Israel F. Fischer

Israel Frederick Fischer ( born August 17, 1858 in New York City; † March 16, 1940 ) was an American lawyer and politician. Between 1895 and 1899 he represented the State of New York in the U.S. House of Representatives.

Career

Israel Frederick Fischer was born about three years before the outbreak of the Civil War in New York City and grew up there. During this time he attended public schools and the Cooper Institute. He then worked as a clerk ( clerk ) in a law firm, where he focused on jurisprudential processes ( reading law). He then studied law. His admission to the bar he received in 1879 and then began to practice in New York City. In September 1887, he moved to the still independent city of Brooklyn. Politically, he was a member of the Republican Party. Between 1888 and 1890 he was a member of the Executive Committee of the Republican State Committee.

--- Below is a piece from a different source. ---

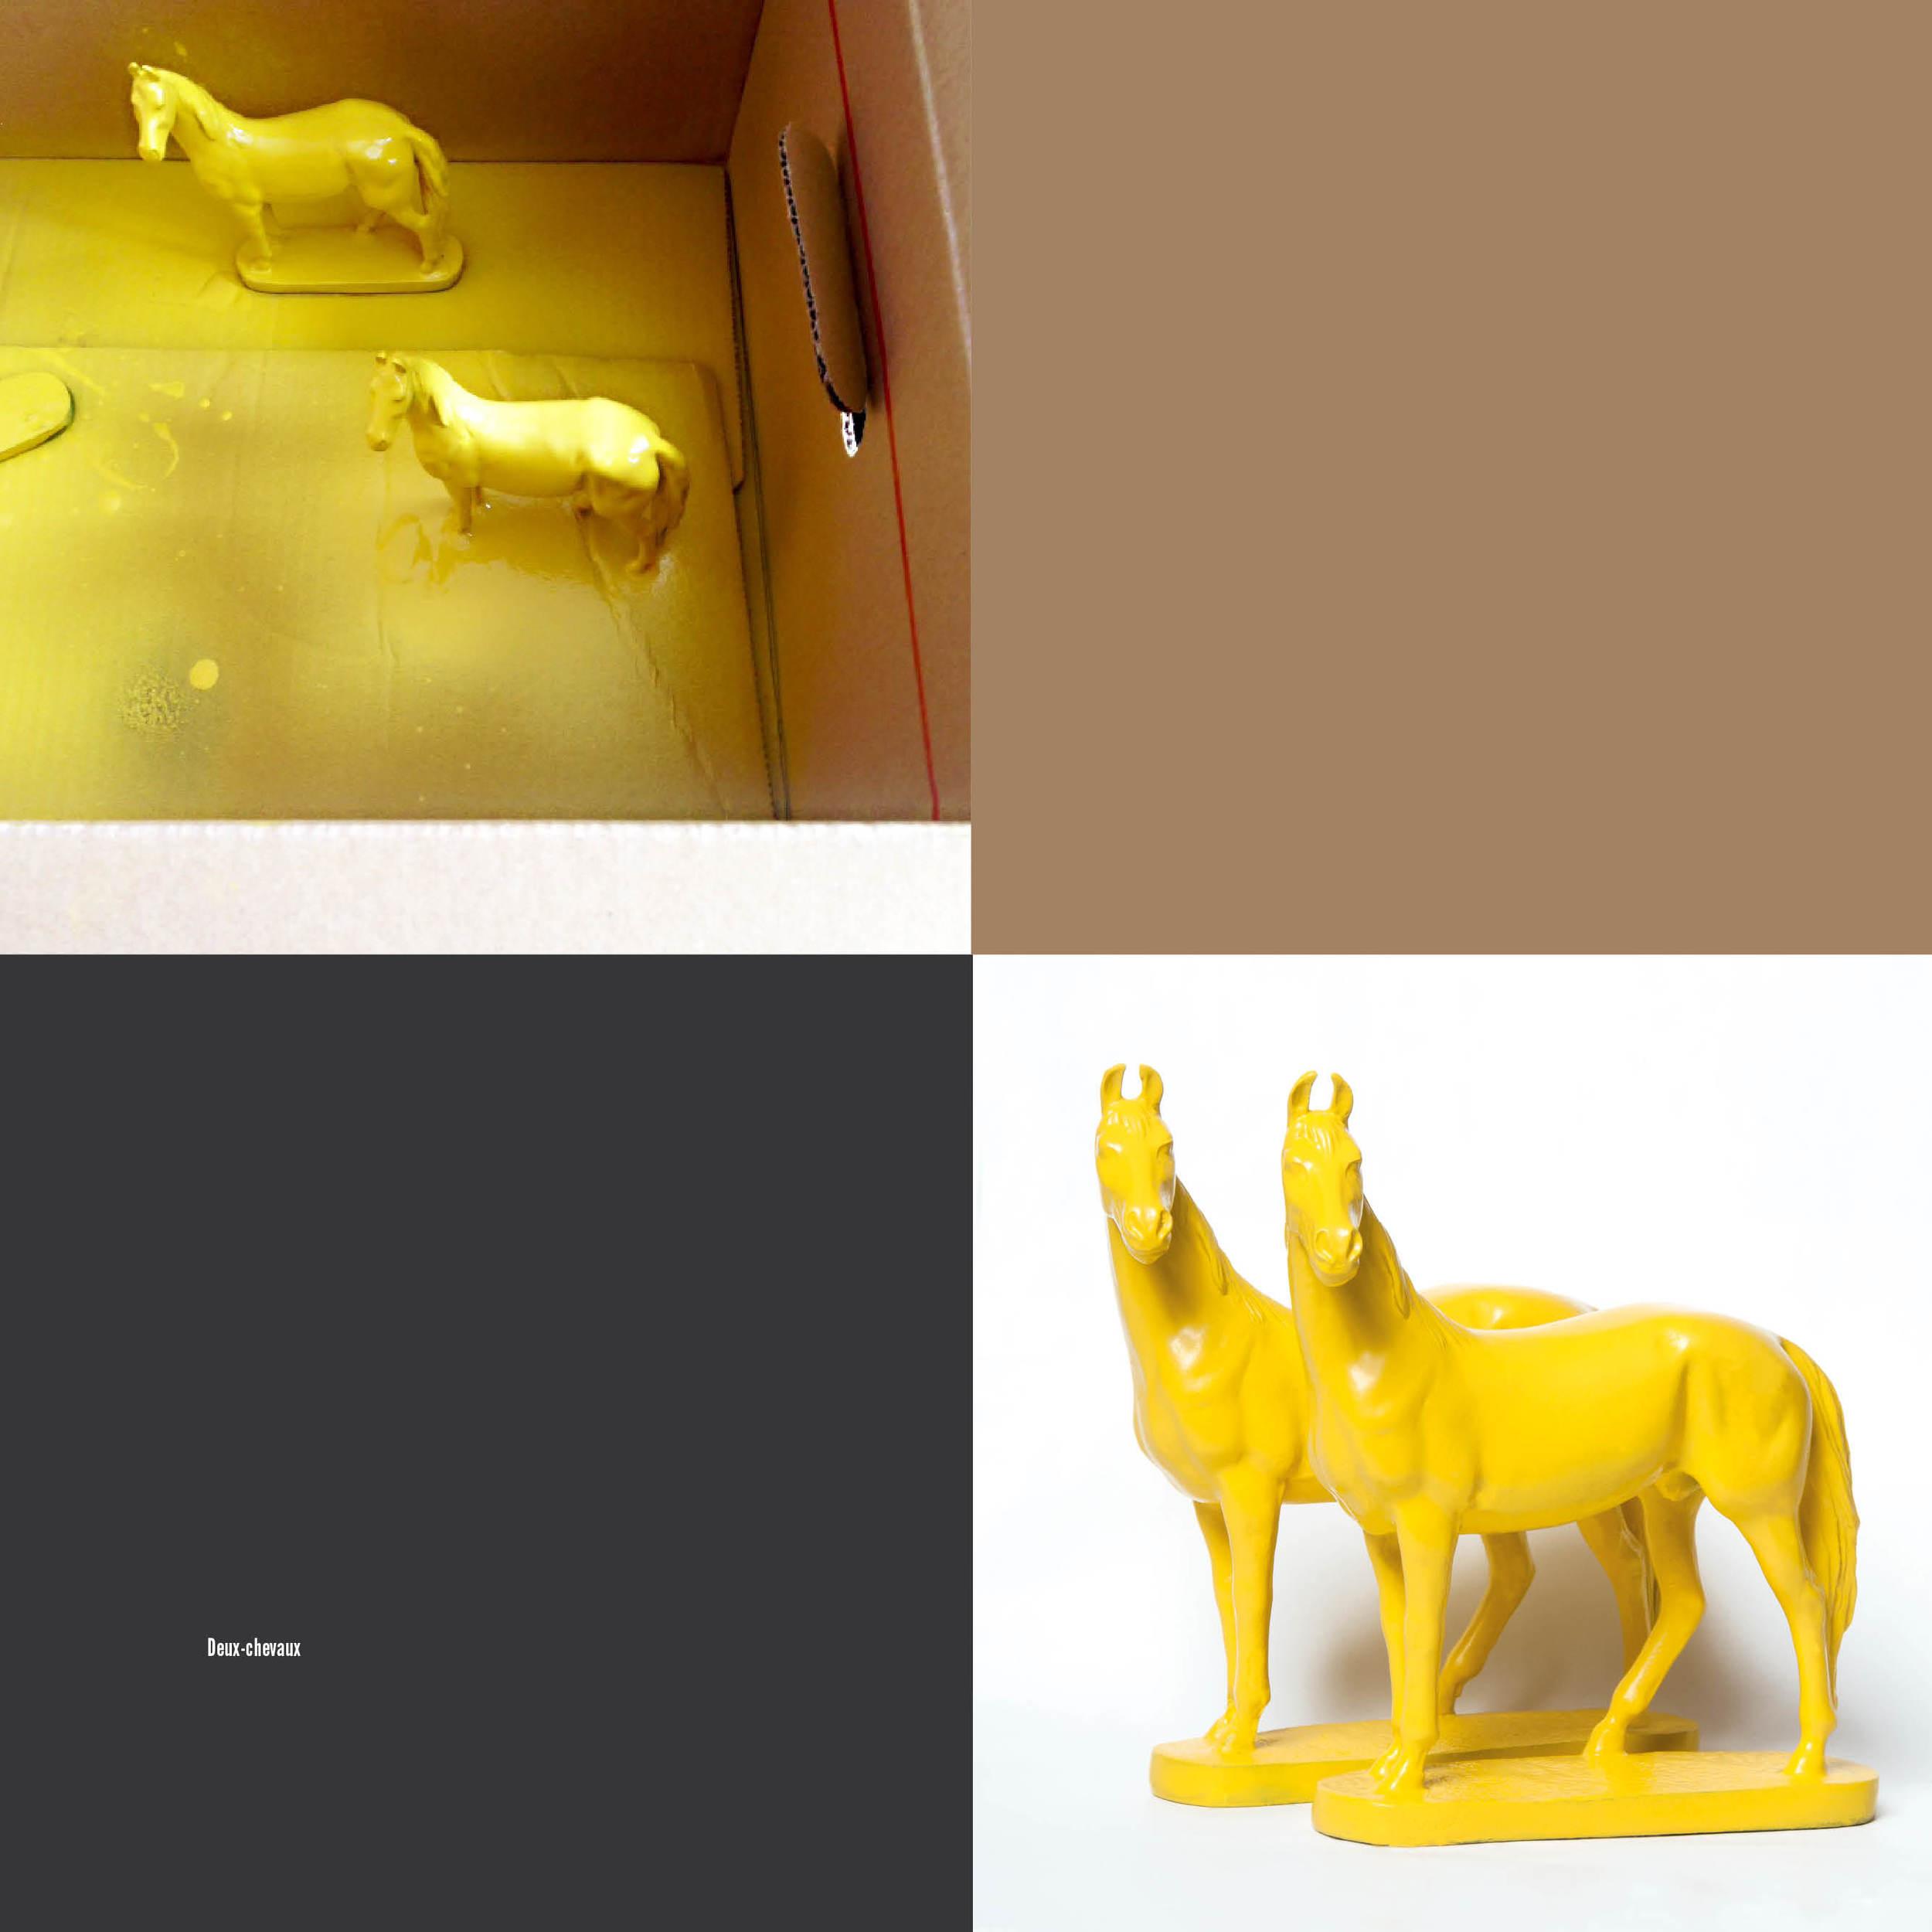 Het geel spuiten van de paarden in een kartonnen doos, hier nog met een afgebroken onderkantje.

In the congressional elections of 1894 fishermen in the fourth electoral district of New York in the U.S. House of Representatives in Washington DC chosen, where he became the successor of William J. Coombs on March 4, 1895. He was re-elected once. In 1898 he suffered in his re-election bid a defeat and retired after the March 3, 1899 from the Congress of.

On May 2, 1899 President William McKinley appointed him to the Board of General Appraisers. President Calvin Coolidge appointed him on 16 April 1927, Chief Justice of this Court, a position which he held until his resignation on 31 March 1932. Fischer participated as a delegate at the 1903 International Customs Congress in New York City part. He died there on March 16, 1940 and was buried at the Maimonides Cemetery in Brooklyn.